Зиг кивнул и снова взялся за свою кружку. Он и так уже был основательно налит вином, которое, похоже, не оказывало на него никакого действия. Всему виной была кипящая от негодования кровь. Ведь не каждый день убиваешь ни в чём не повинного человека, который к тому же был тебе крайне симпатичен? Зиг встретил его в тюрьме, когда сам посещал там другого заключённого – действительно опасного маньяка-убийцу, чей тугой кошелёк перетянул чашу весов правосудия и его вскоре должны были выпустить.

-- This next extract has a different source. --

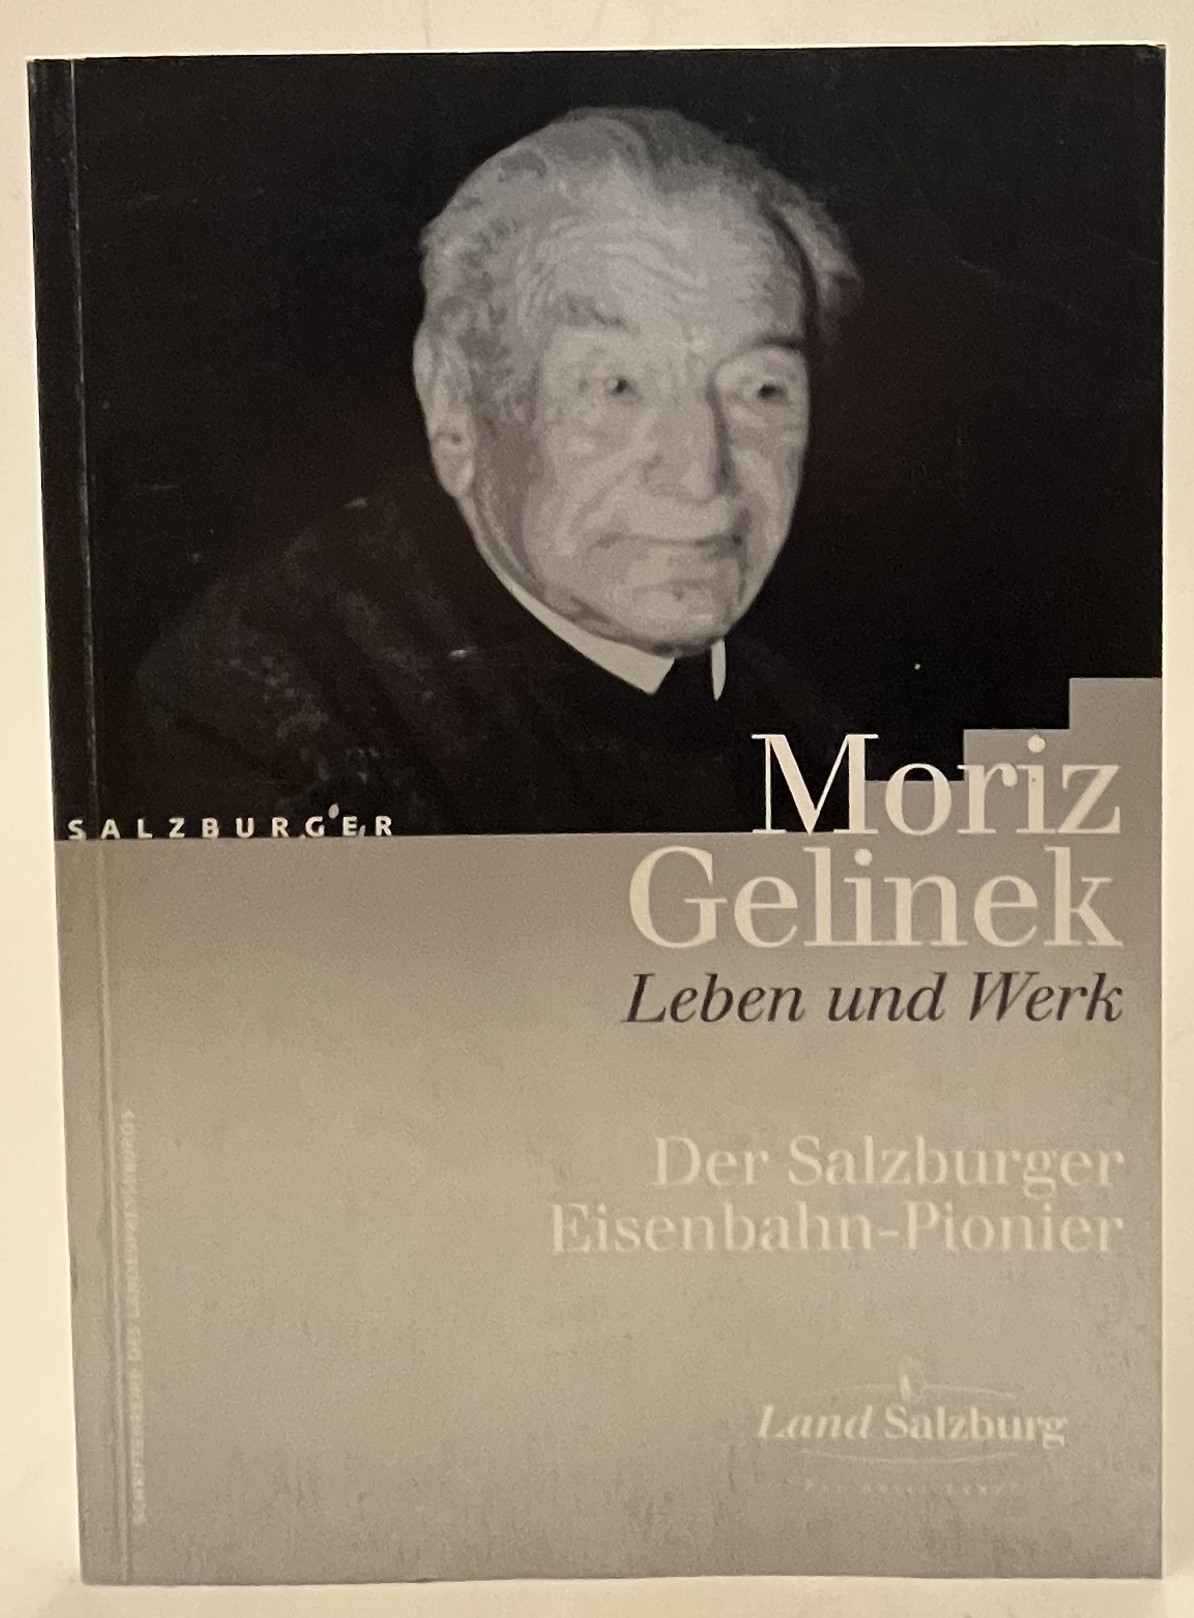 Moriz Gelinek. Leben und Werk. Der Salzburger Eisenbahn-Pionier - Floimair, Roland (Hg.)

(И ведь выпустили, несмотря на несколько детских трупов найденных в подвале его собственного дома! Несмотря на многочисленные свидетельства и доказательства, изобличающие насильника, педофила и садиста. Вот только наслаждаться свободой он долго не смог – буквально через день был найден в грязном переулке со свёрнутой шеей. А всего-то Зиг не стал скрывать факт его выхода от других заключённых. Вот и думай теперь, где оно настоящее правосудие?)
А вот у Инци кошелька не было вовсе, даже тощего. Чем он жил вообще было непонятно, ведь занят он был тем, что учил народ добру. Здесь, в Торговом городе, добру! Нда-а… Здесь дети способны продать родителей, а родители детей, если предложат хорошую цену.
А ведь кто-то из этих… граждан решил, что безобидный проповедник добра, любви и чистоты, тоже годится для продажи. И тогда Инци продали и поместили в тюрягу для особо опасных преступников. А потом на суде выяснилось, что этот человек куда, как страшнее чем кровавый маньяк-педофил! Зиг к тому времени успел подружиться с заключённым философом. Он думал, что тому грозит штраф или общественные работы, потому, что добрые дела совсем без наказания не остаются, но почему же это наказание не может быть мягким? Где была его голова?..
Короче, когда он услышал, что именно грозит Инци, он бросился к своему начальнику и покровителю. И добился-таки его заступничества, что возможно окончательно погубило всё дело… Отсрочку, которая была принята, немедленно отменили, и к тому же недвусмысленно высказались по поводу коррупции, процветающей в Тайном отделении, покрывающем государственных преступников! В результате его, Зига, поставили следить за исполнением казни, что, в конце концов, дало ему возможность прекратить страдания невиновного…
А надо было его освободить!!! Надо было перебить палачей и стражу. Это было в его силах!!! Но он ничего не сделал… Почему? Потому, что находился при исполнении служебных обязанностей, потому, что за эти годы привык к дисциплине и подчинению, потому, что… (Какая гря-азь!!!) Потому, что он служака зачуханный, и нет ему теперь прощения!
А теперь вот явились эти двое и просят его помочь троим сторонникам Инци, приговорённым к растерзанию монстрами на арене Большого цирка. Зиг даже не знал, что у Инци были сторонники! А вот, оказывается, были. Два парня – один взрослый, другой совсем ещё малец. И девушка. Причём речь идёт не о том, чтобы спасти их от гибели, а скорее о том, чтобы дать умереть с честью!
– Хорошо, – услышал Зиг свой голос, – я поговорю кое с кем из тех, кто будет дежурить в тот день в Большом цирке и вас пропустят без досмотра. Но предупреждаю – выскочить на арену самим вам не удастся, там слишком высокая решётка с зазубренными остриями наверху. Ни монстр не прорвётся, ни человек.
Им пришлось удовлетвориться этим обещанием и оставить капитана Зигеля наедине с его кружкой.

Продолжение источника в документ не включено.